Phylogeny of NF-YA trans-activation splicing isoforms in vertebrate evolution

Genomics. 2022 May 16;114(4):110390. doi: 10.1016/j.ygeno.2022.110390. Online ahead of print.


NF-Y is a trimeric pioneer Transcription Factor (TF) whose target sequence -the CCAAT box- is present in ~25% of mammalian promoters. We reconstruct the phylogenetic history of the regulatory NF-YA subunit in vertebrates. We find that in addition to the remarkable conservation of the subunits-interaction and DNA-binding parts, the Transcriptional Activation Domain (TAD) is also conserved (>90% identity among bony vertebrates).
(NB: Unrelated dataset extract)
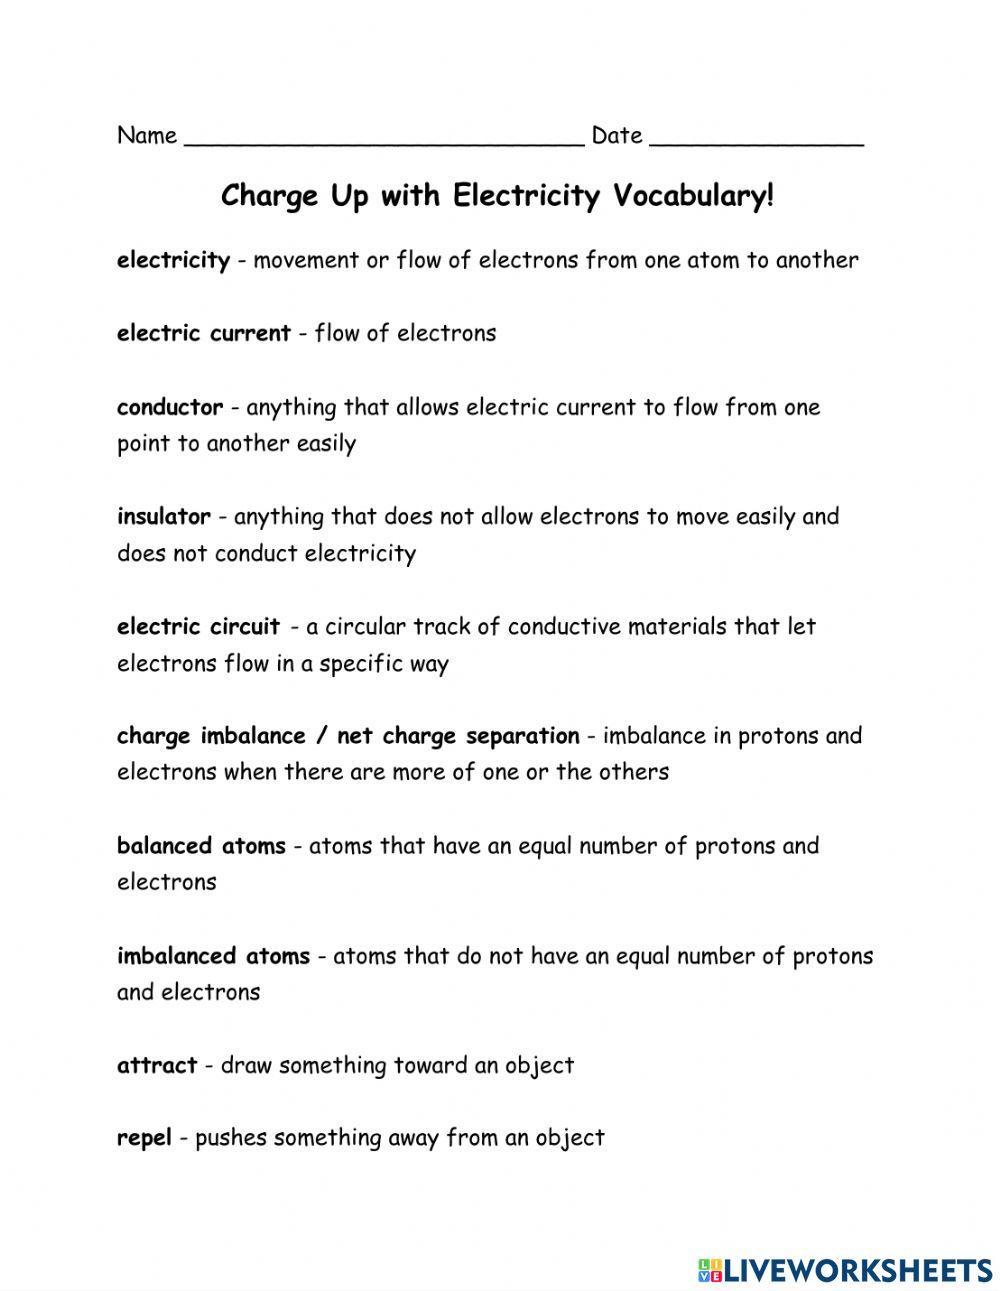 Electricity Information and Vocabulary

We infer the phylogeny of the alternatively spliced exon-3 and partial splicing events of exon-7 -7N and 7C- revealing independent clade-specific losses of these regions. These isoforms shape the TAD. Absence of exon-3 in basal deuterostomes, cartilaginous fishes and hagfish, but not in lampreys, suggests that the "short" isoform is primordial, with emergence of exon-3 in chordates. Exon 7N was present in the vertebrate common ancestor, while 7C is a molecular innovation of teleost fishes. RNA-seq analysis in several species confirms expression of all these isoforms. We identify 3 blocks of amino acids in the TAD shared across deuterostomes, yet structural predictions and sequence analyses suggest an evolutionary drive for maintenance of an Intrinsically Disordered Region -IDR- within the TAD. Overall, these data help reconstruct the logic for alternative splicing of this essential eukaryotic TF.

Keywords: Alternative splicing; Evolution; Glutamine-rich; Intrinsically disordered region; NFYA; Transactivation domain; Transcription factor.